:: Problem description ::
Can you print the data exactly and leave out each image?
Data extract section start
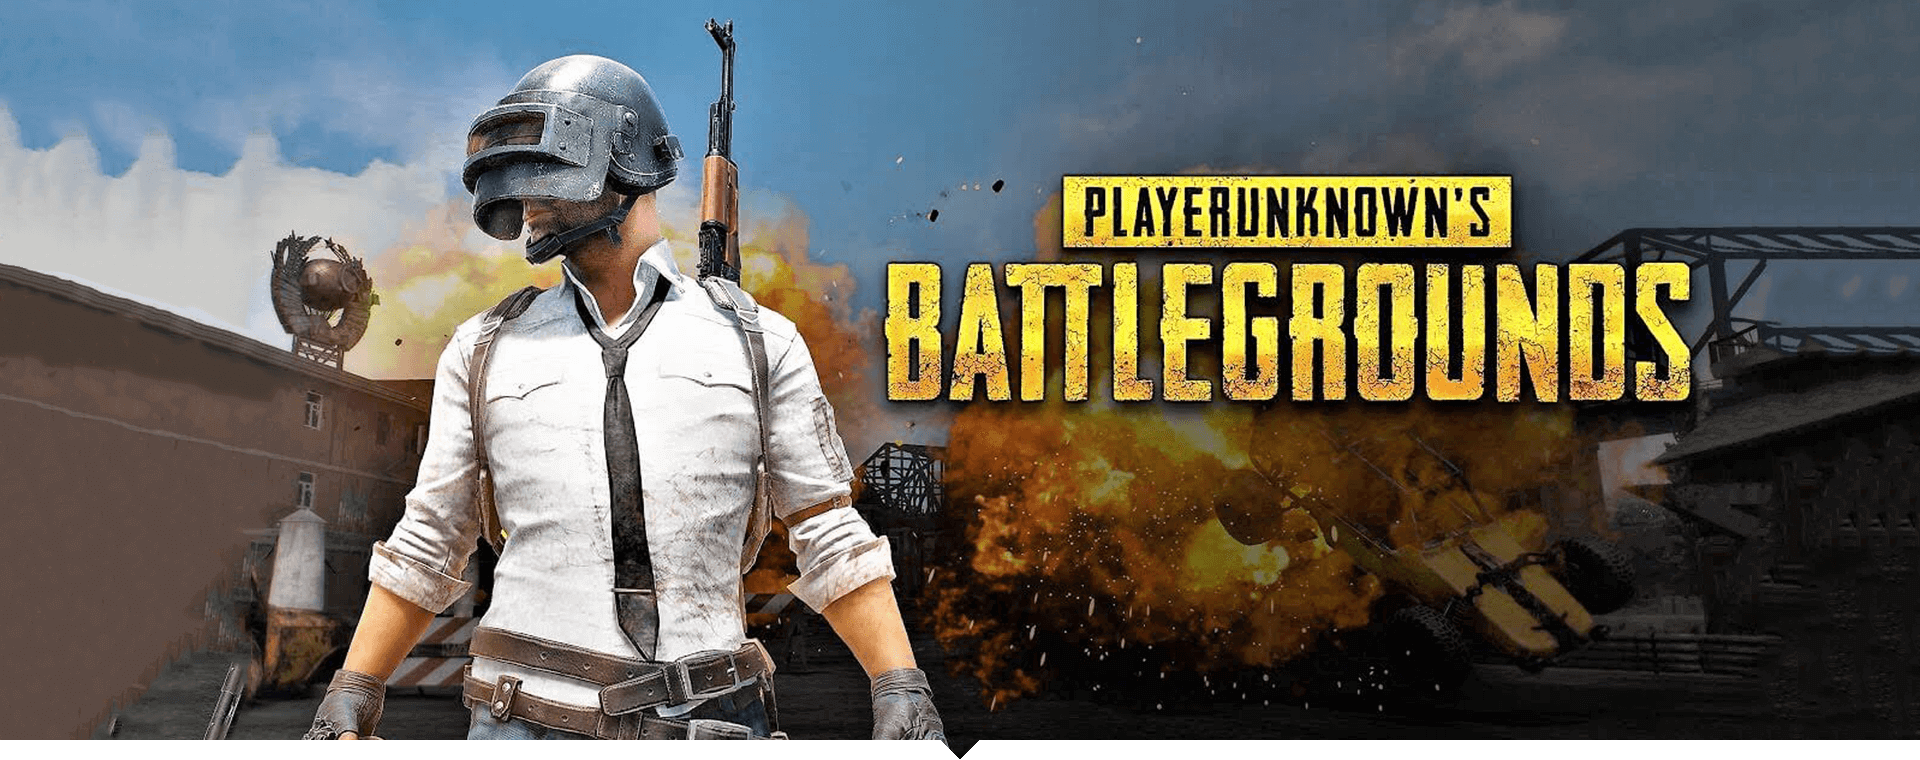 mobile pubg game download for pc
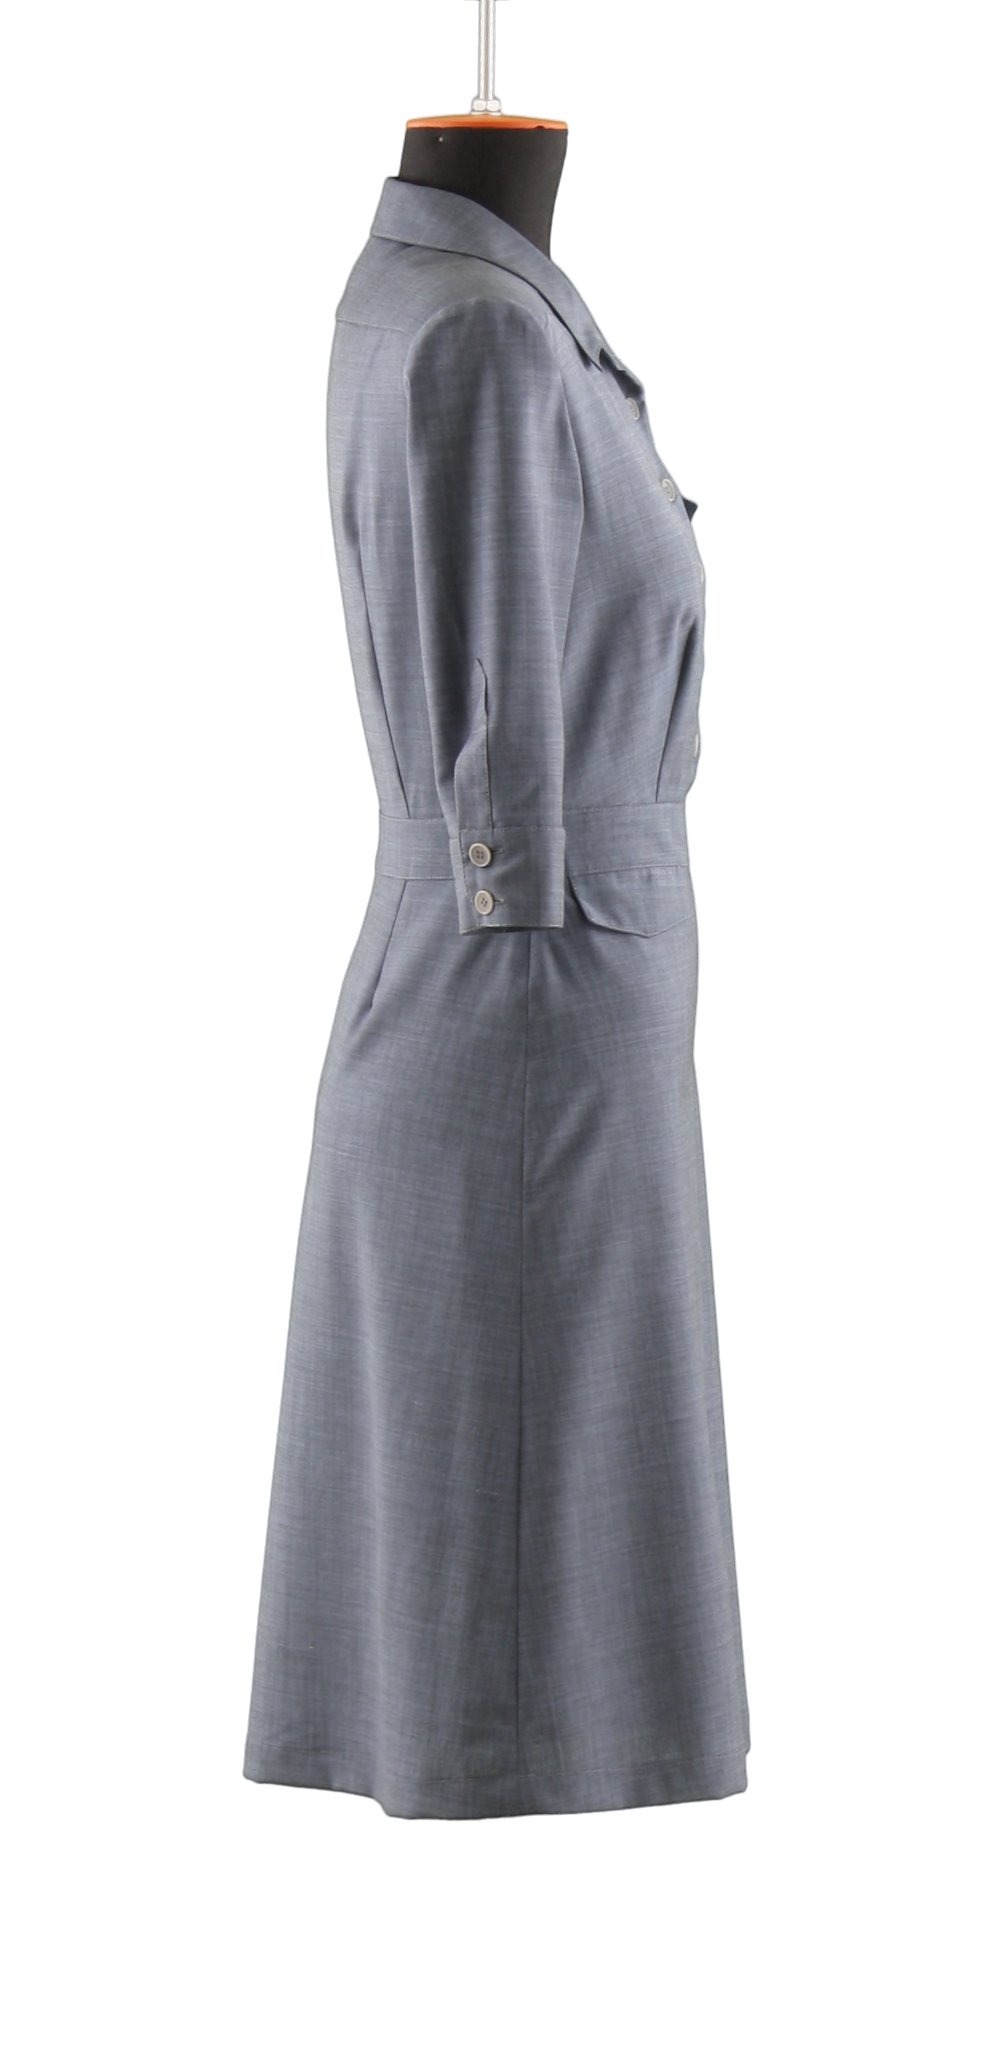 A simple grey, buttoned uniform dress belonging to the women collection with three quarter sleeves in side view on a headless mannequin with cutout background.
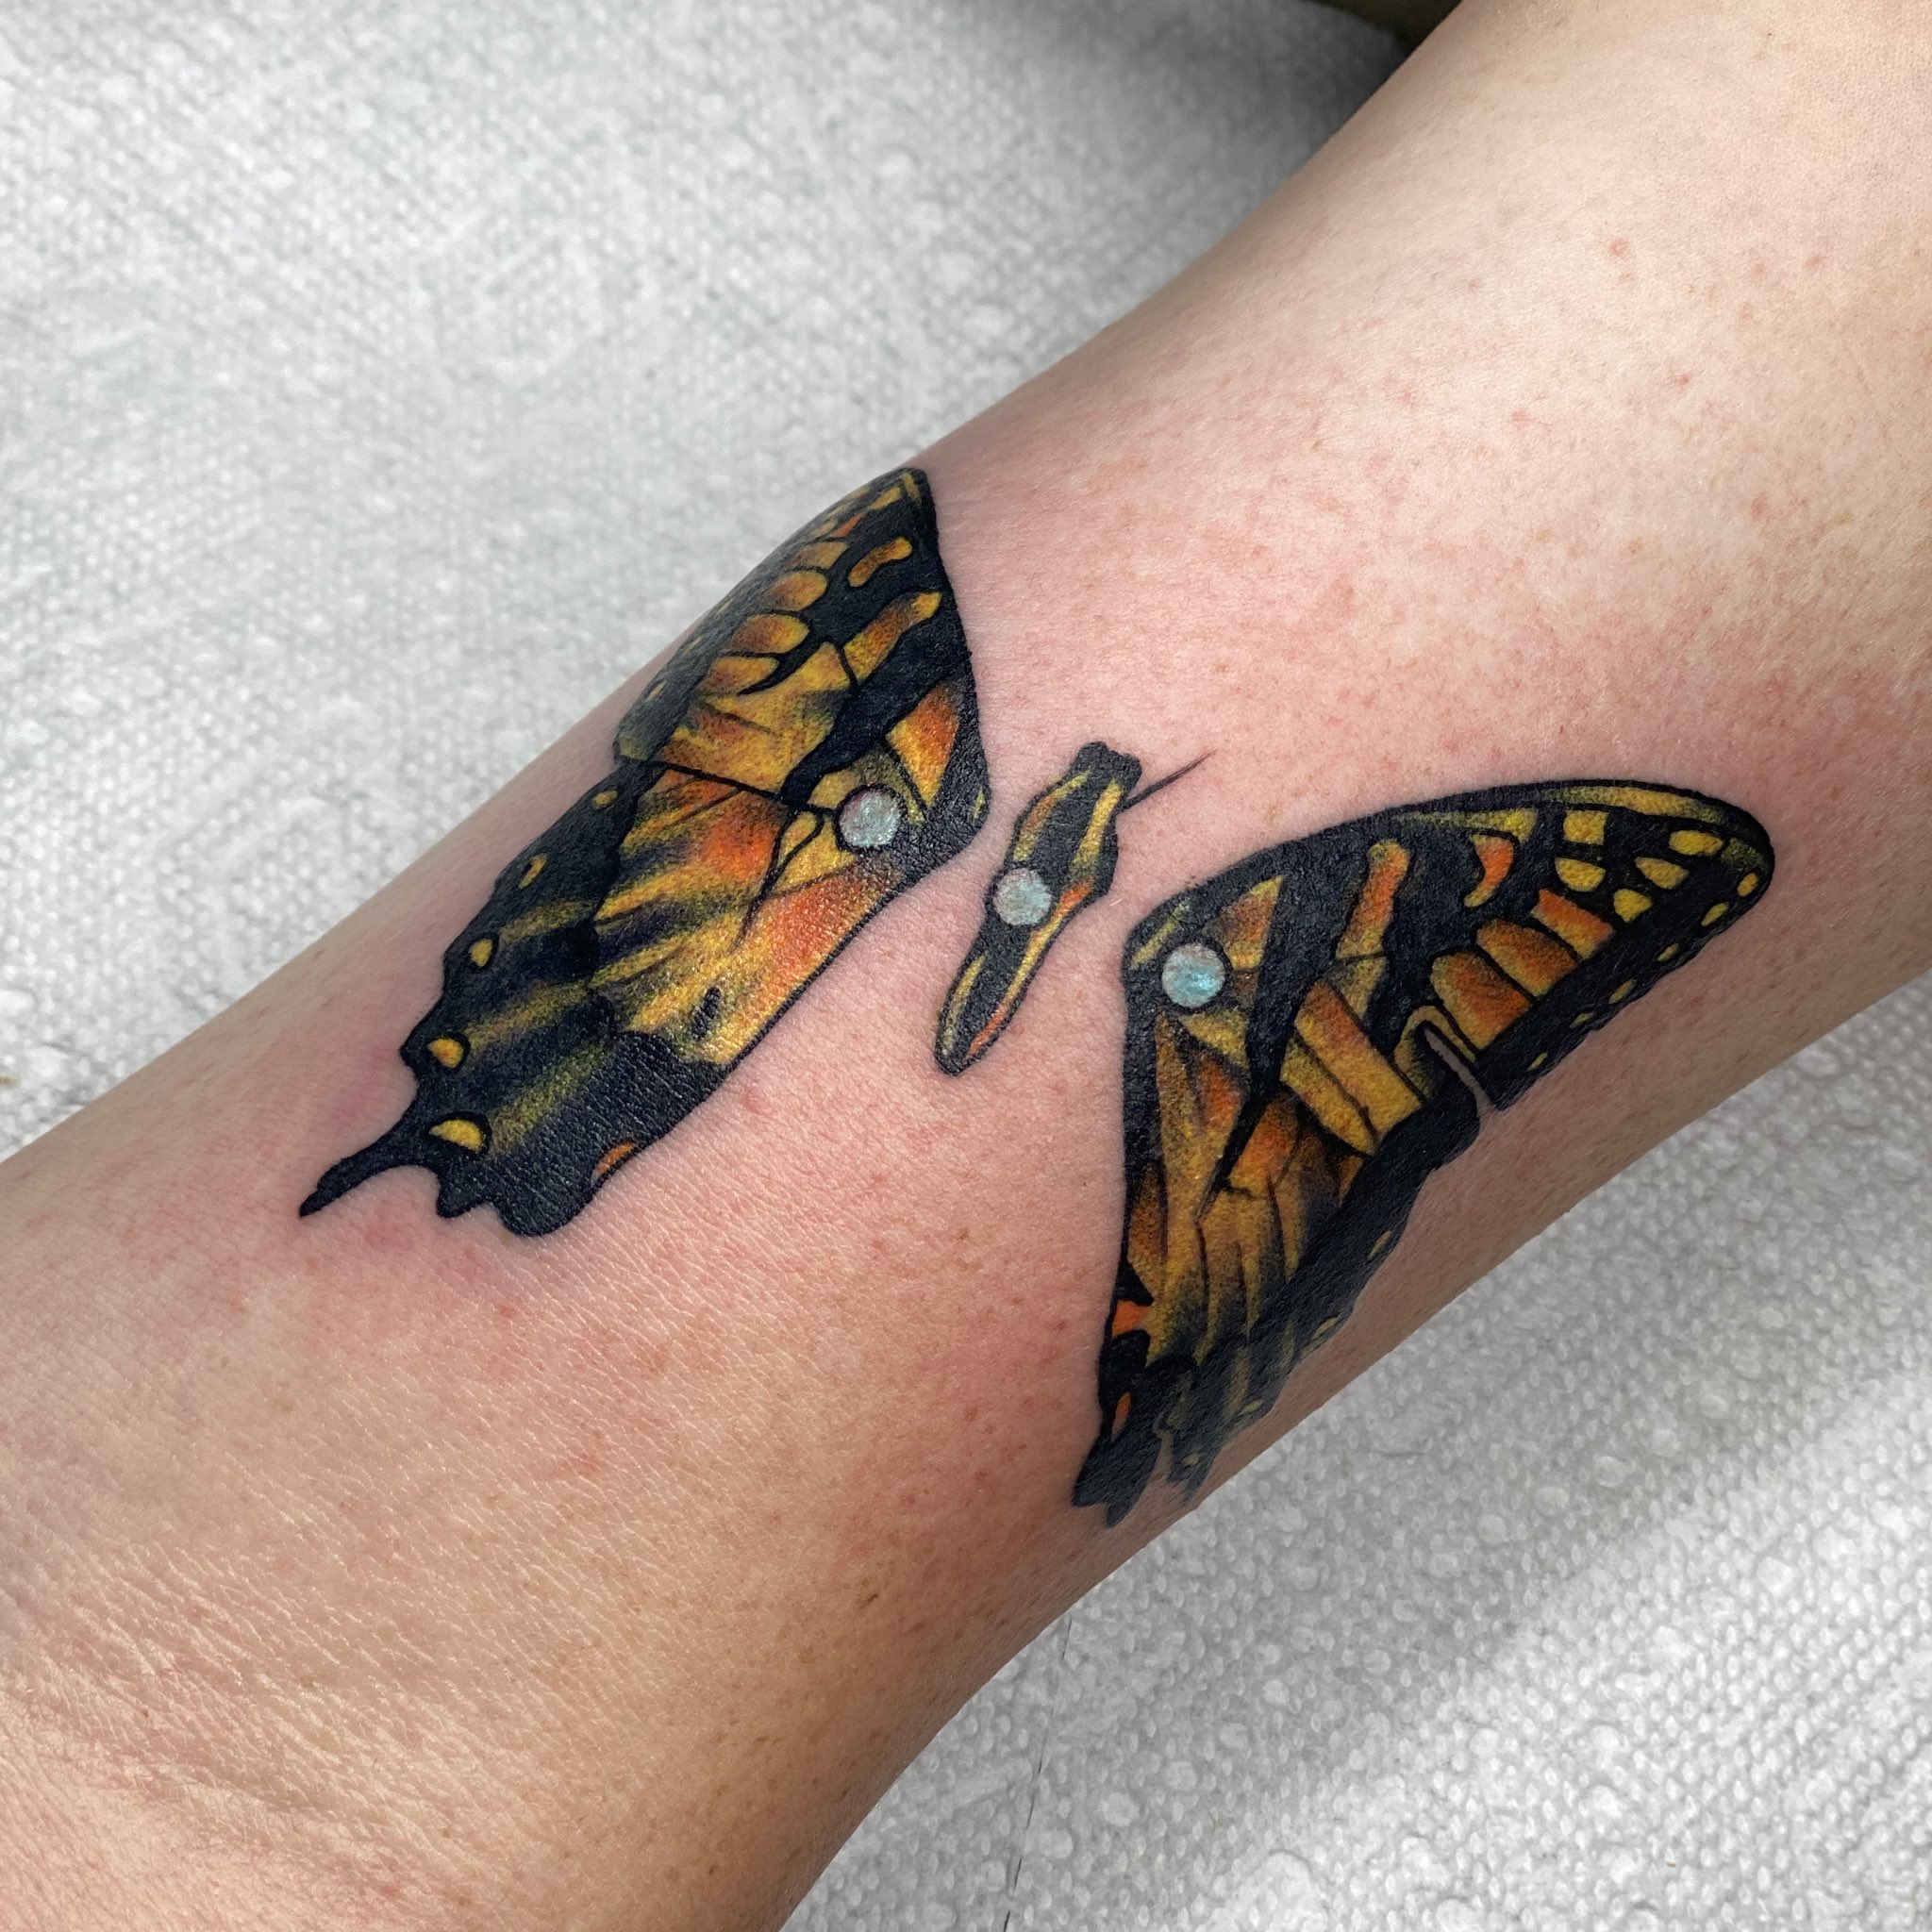 Foxey ☽ on X: Got to tattoo Paramore's brand new eyes album
Data extract section end
:: Solution to the problem ::
 mobile pubg game download for pc
 A simple grey, buttoned uniform dress belonging to the women collection with three quarter sleeves in side view on a headless mannequin with cutout background.
 Foxey ☽ on X: Got to tattoo Paramore's brand new eyes album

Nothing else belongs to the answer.